The Belvedere Torso is a 1.59 m fragmentary marble statue of a male nude, known to be in Rome from the 1430s, and signed prominently on the front of the base by "Apollonios, son of Nestor, Athenian", who is unmentioned in ancient literature. It is now in the Museo Pio-Clementino (Inv. 1192) of the Vatican Museums.

Once believed to be a 1st-century BC original, the statue is now thought to be a copy from the 1st century BC or AD of an older statue, probably to be dated to the early 2nd century BC.

==Description==
The muscular male figure is portrayed seated on an animal hide, and its precise identification remains open to debate.
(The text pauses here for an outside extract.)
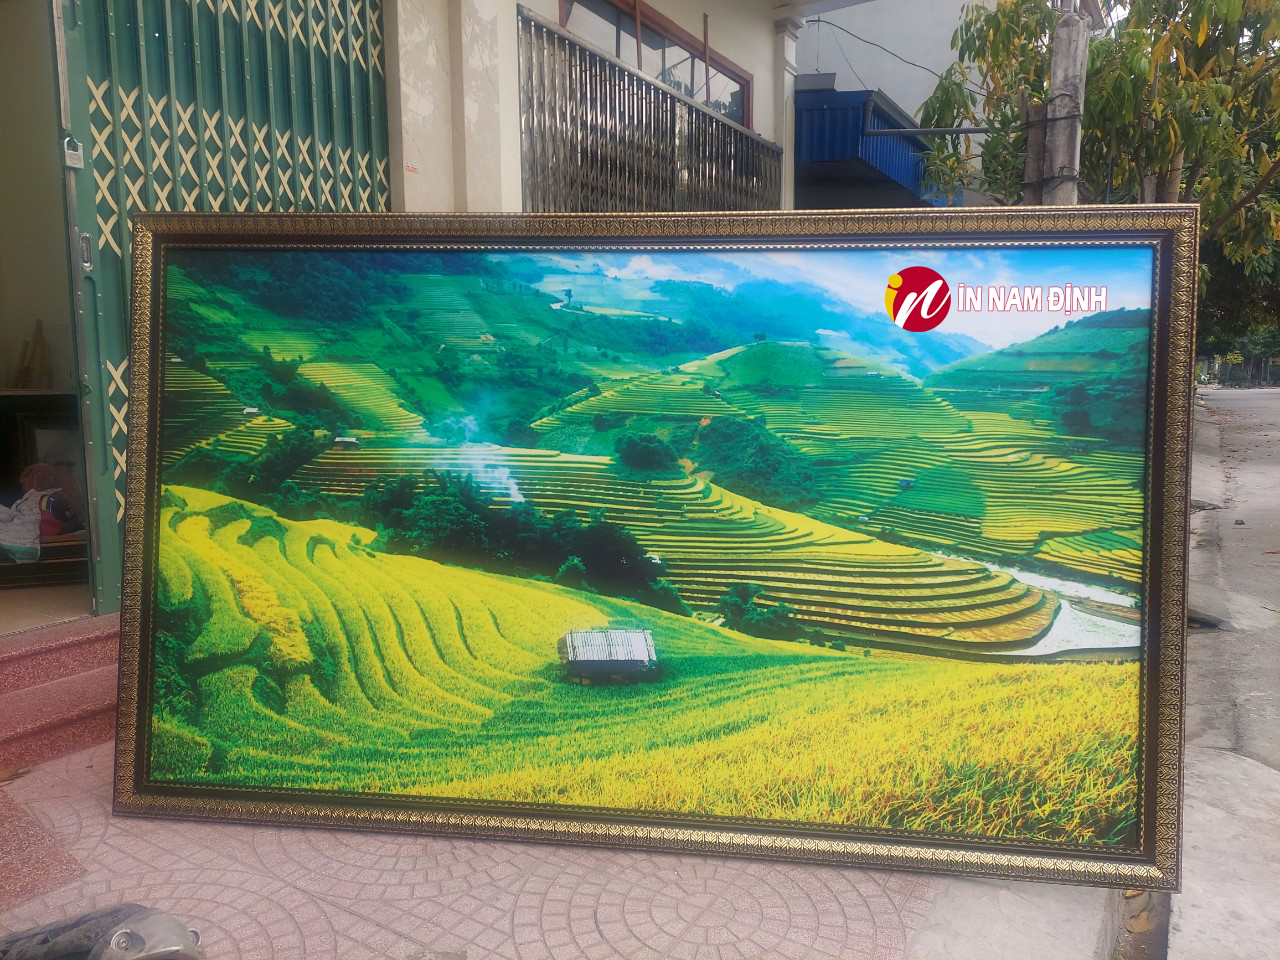 Tranh ruộng bậc thang: Thể hiện niềm tự hào về cảnh đẹp của quê hương đất nước Việt Nam

Though traditionally identified as a Heracles seated on the skin of the Nemean lion, recent studies have identified the skin as that of a panther, occasioning other identifications (with possibilities including Polyphemus and Marsyas). According to the Vatican Museum website, "the most favoured hypothesis identifies it with Ajax, the son of Telamon, in the act of contemplating his suicide".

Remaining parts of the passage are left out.